> _Work request_
Everything in the data gets repeated exactly, except for the pictures.

> _Source data_

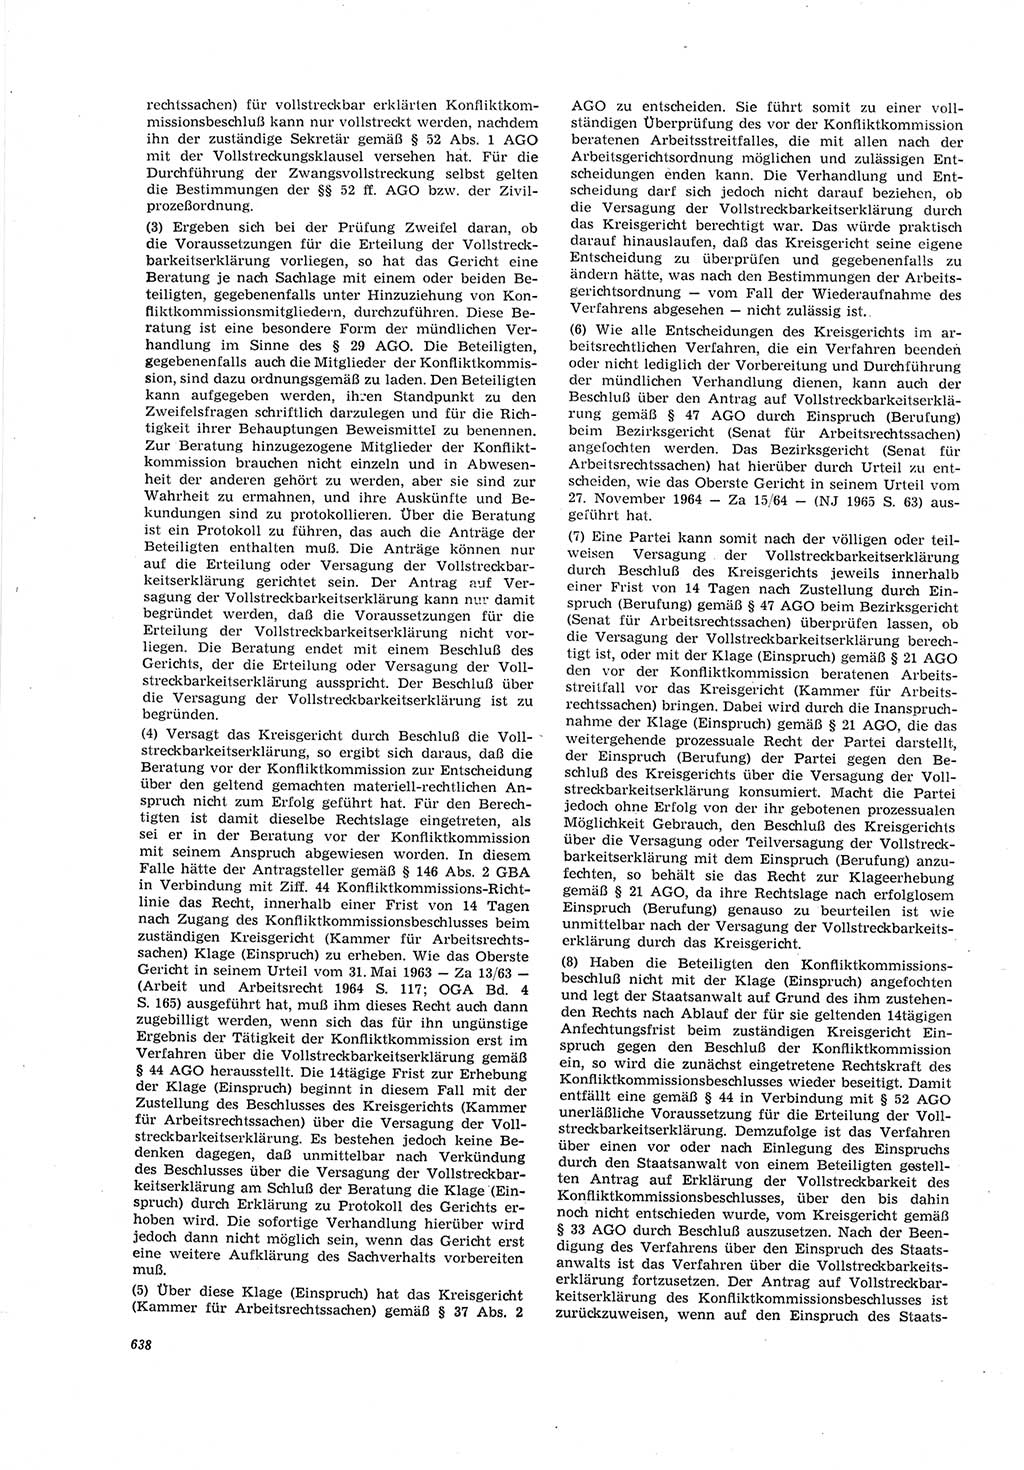 Neue Justiz (NJ), Zeitschrift für Recht und Rechtswissenschaft [Deutsche Demokratische Republik (DDR)], 19. Jahrgang 1965, Seite 638 (NJ DDR 1965, S. 638)
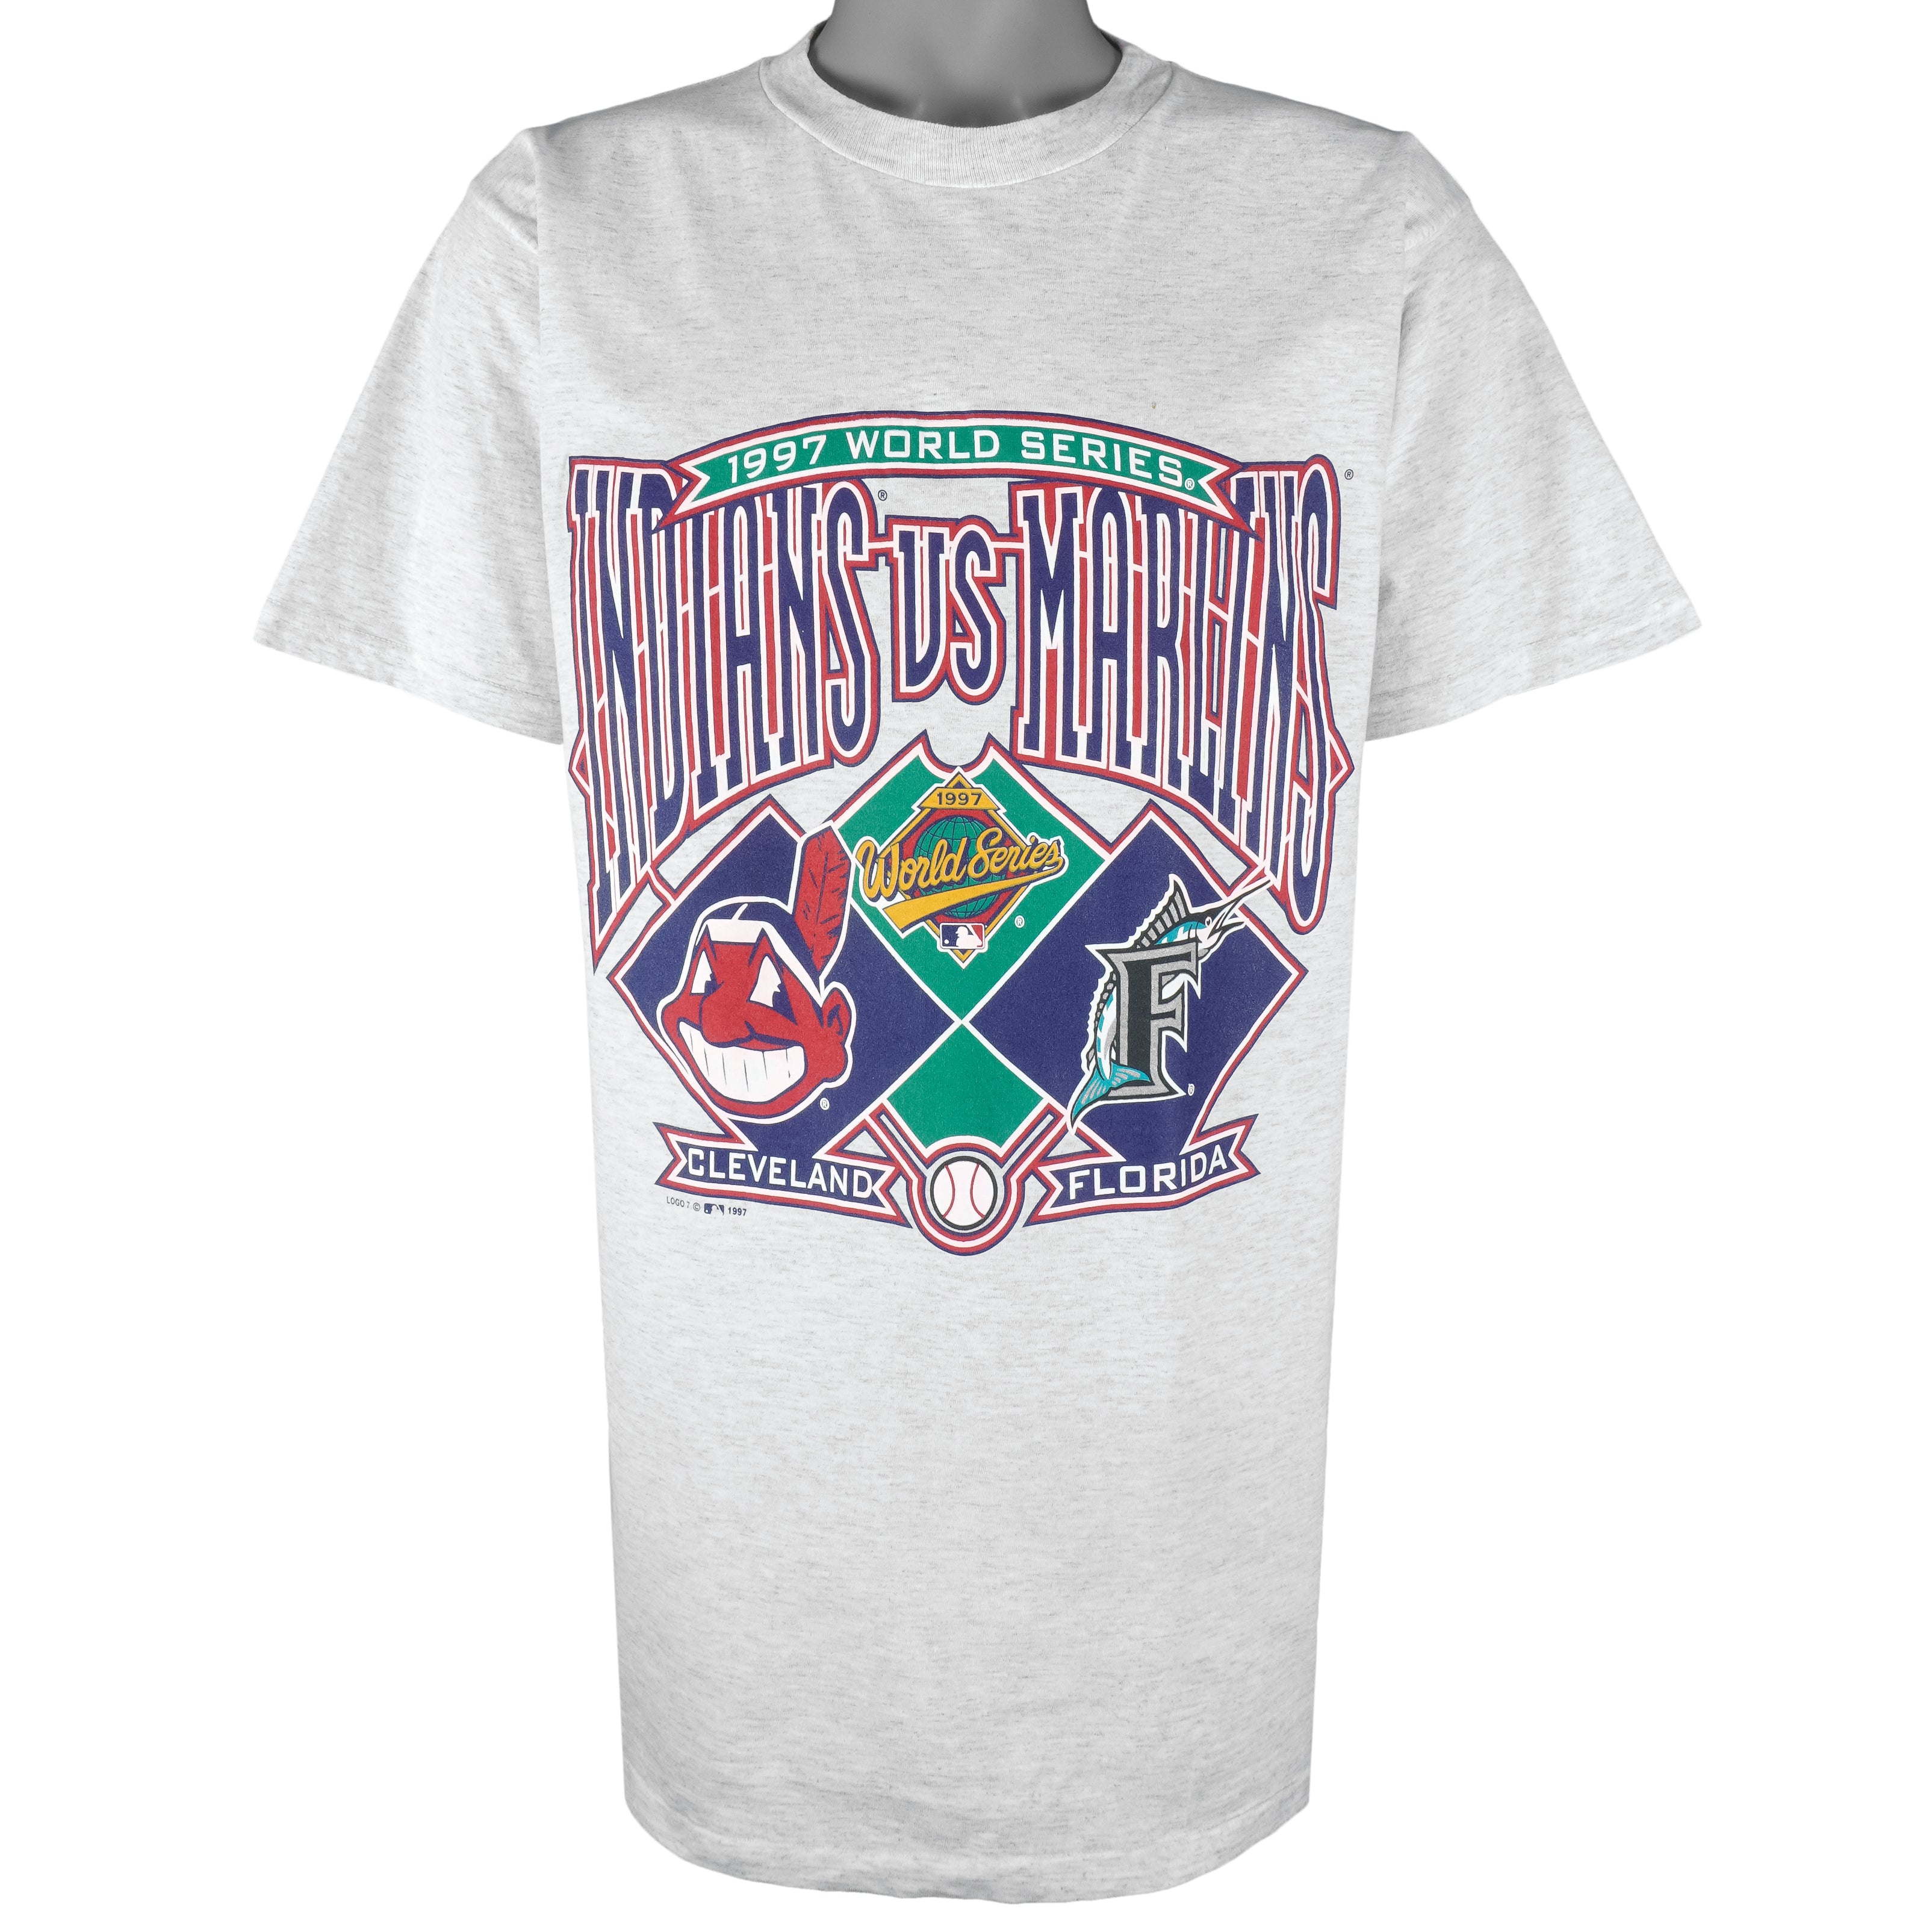 Vintage MLB (Logo 7) - Cleveland Indians Vs Florida Marlins T-Shirt 1997 Large
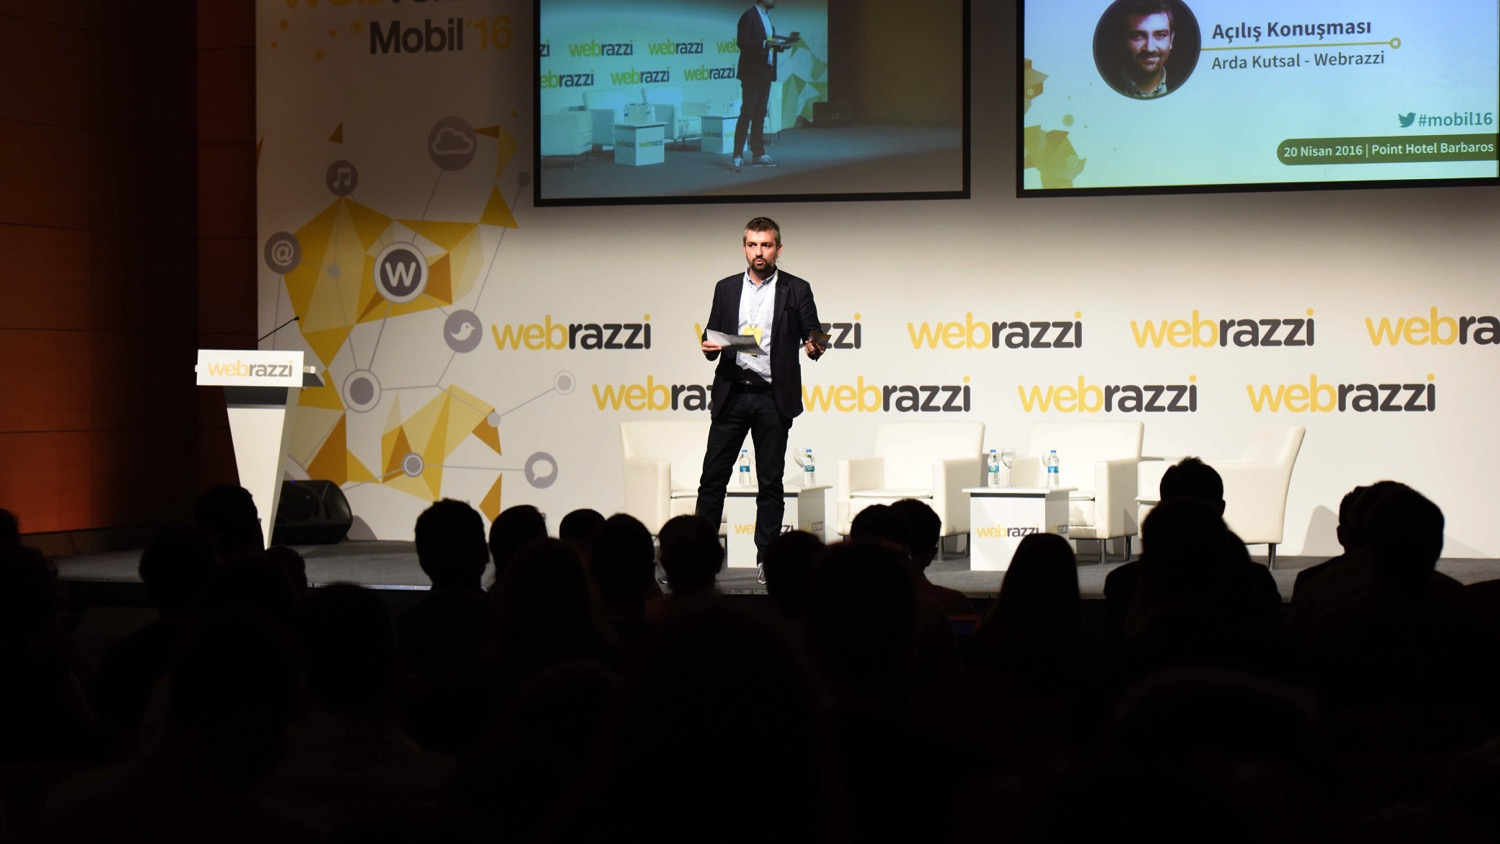 Arda Kutsal, Webrazzi Mobil 2016 sahnesinde 2017 yılı yenilikleri: 2 yeni temahk konferans (İnovasyon ve Developer) ile toplam 7 konferans gerçekleşhrilecek.

> _Result of the task_
 Neue Justiz (NJ), Zeitschrift für Recht und Rechtswissenschaft [Deutsche Demokratische Republik (DDR)], 19. Jahrgang 1965, Seite 638 (NJ DDR 1965, S. 638)
 Vintage MLB (Logo 7) - Cleveland Indians Vs Florida Marlins T-Shirt 1997 Large
 Arda Kutsal, Webrazzi Mobil 2016 sahnesinde 2017 yılı yenilikleri: 2 yeni temahk konferans (İnovasyon ve Developer) ile toplam 7 konferans gerçekleşhrilecek.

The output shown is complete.